Yext's financial performance and future projections provide insights into its growth trajectory:

  • FY25 Revenue: Yext reported revenue of $421.0 million for fiscal year 2025, a 4% increase year-over-year.
  • Q4 FY25 Revenue: The company's fourth-quarter revenue was $113.1 million, up 12% year-over-year, driven by the integration of Hearsay Systems.
  • ARR: Annual recurring revenue (ARR) reached $442.7 million.
  • Adjusted EBITDA: Yext's adjusted EBITDA for Q4 FY25 was $24.6 million, resulting in an adjusted EBITDA margin of 22%.
  • FY26 Outlook: Yext introduced an FY26 outlook of adjusted EBITDA in the range of $100.0 million to $103.0 million.
  • Analyst Estimates: Analysts anticipate Yext to incur a final loss in 2025 before generating positive profits of $18 million in 2026. By fiscal year 2026, consensus from analysts estimate revenues of $446.2 million, a 6.0% increase.

Strategic Initiatives and Partnerships

Yext is undertaking several strategic initiatives and partnerships to bolster its market position and drive growth:

  • AI-Driven Solutions: Focusing on AI and machine learning technologies to enhance customer engagement and automate workflows.
  • Platform Integration: Combining Yext's digital presence management capabilities with acquired technologies to offer a comprehensive platform.
  • Customer Success Program: Launching customer success programs to help clients leverage data-driven insights and achieve better business outcomes.
  • Partnerships: Forming strategic partnerships to expand the reach of its platform and improve analytics functionality.
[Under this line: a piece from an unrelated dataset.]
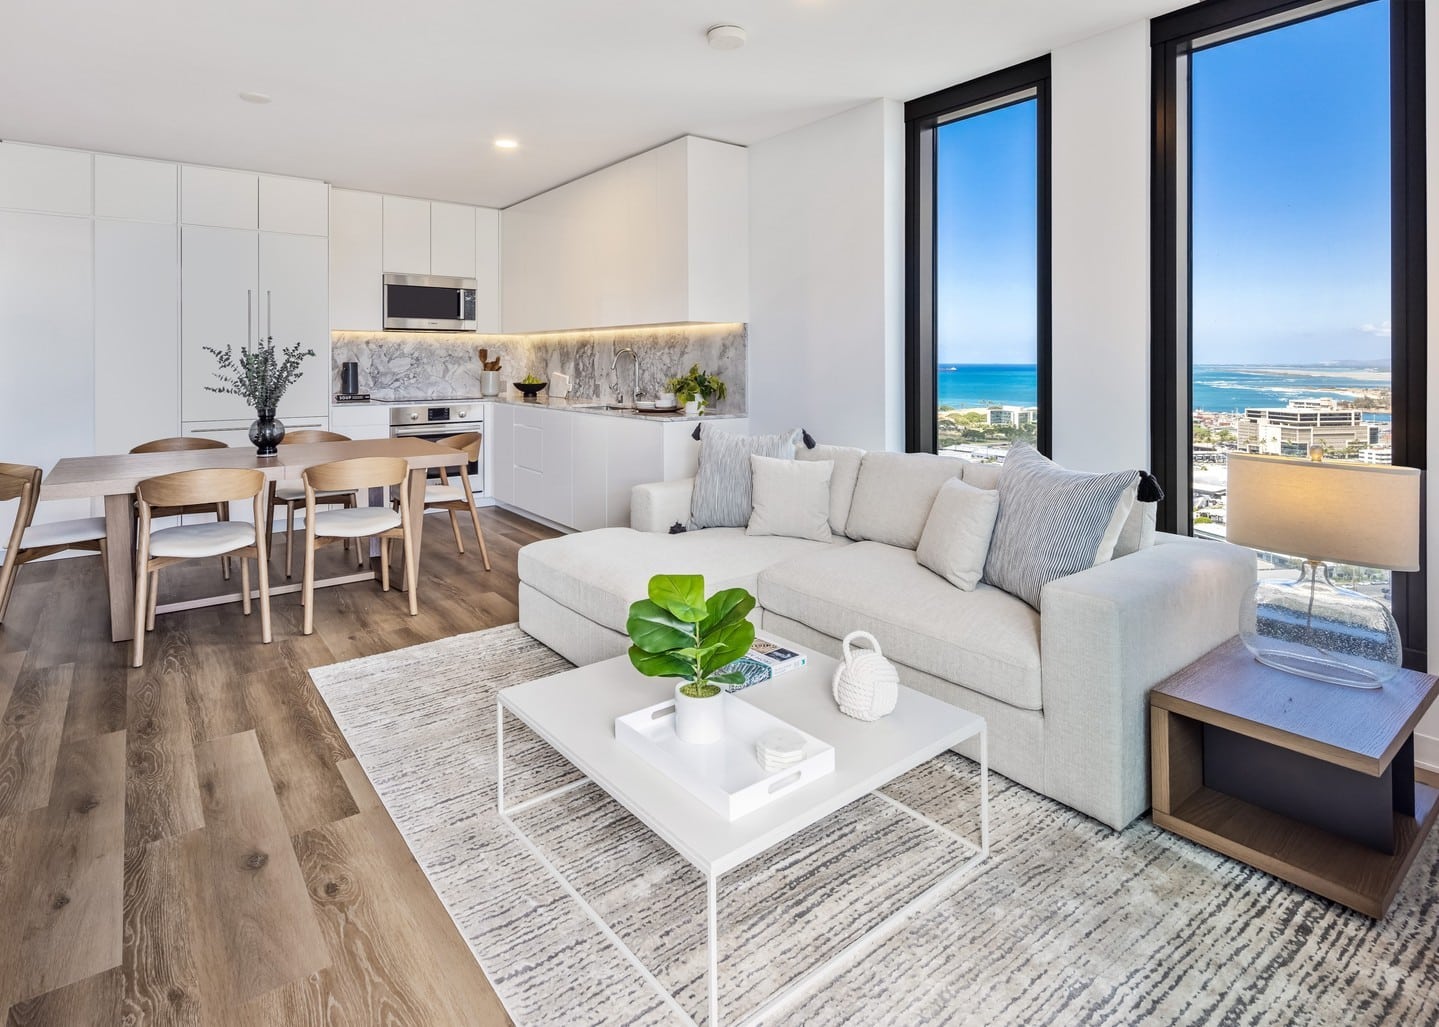 At ‘A‘ali‘i, experience modern kitchens with island views and premium finishes by renowned interior designer @lrottet. Learn more about these furnished, move-in ready residences at the link in our bio.

For example, HotelPORT partnered with Yext to improve the digital presence of the hospitality sector.

Competitive Advantages

Yext possesses several competitive advantages that position it for sustained growth:

  • Digital Presence Platform: Yext's platform enables multi-location brands to manage their online presence effectively, ensuring consistent and accurate information across various digital channels.
  • AI and Machine Learning Technology: Yext's AI and machine learning capabilities power customer engagements, automate workflows, and deliver actionable insights.
  • Extensive Publisher Network: Yext's PowerListings Network integrates with approximately 150 third-party maps, apps, search engines, intelligent GPS systems, digital assistants, vertical directories, and social networks.
  • Strong Financial Profile: Yext maintains impressive gross profit margins of 77.11%.

Yext is adapting to the evolving search landscape and the rise of AI, focusing on empowering organizations through digital transformation. Strategic investments and product innovations are expected to drive long-term growth and success.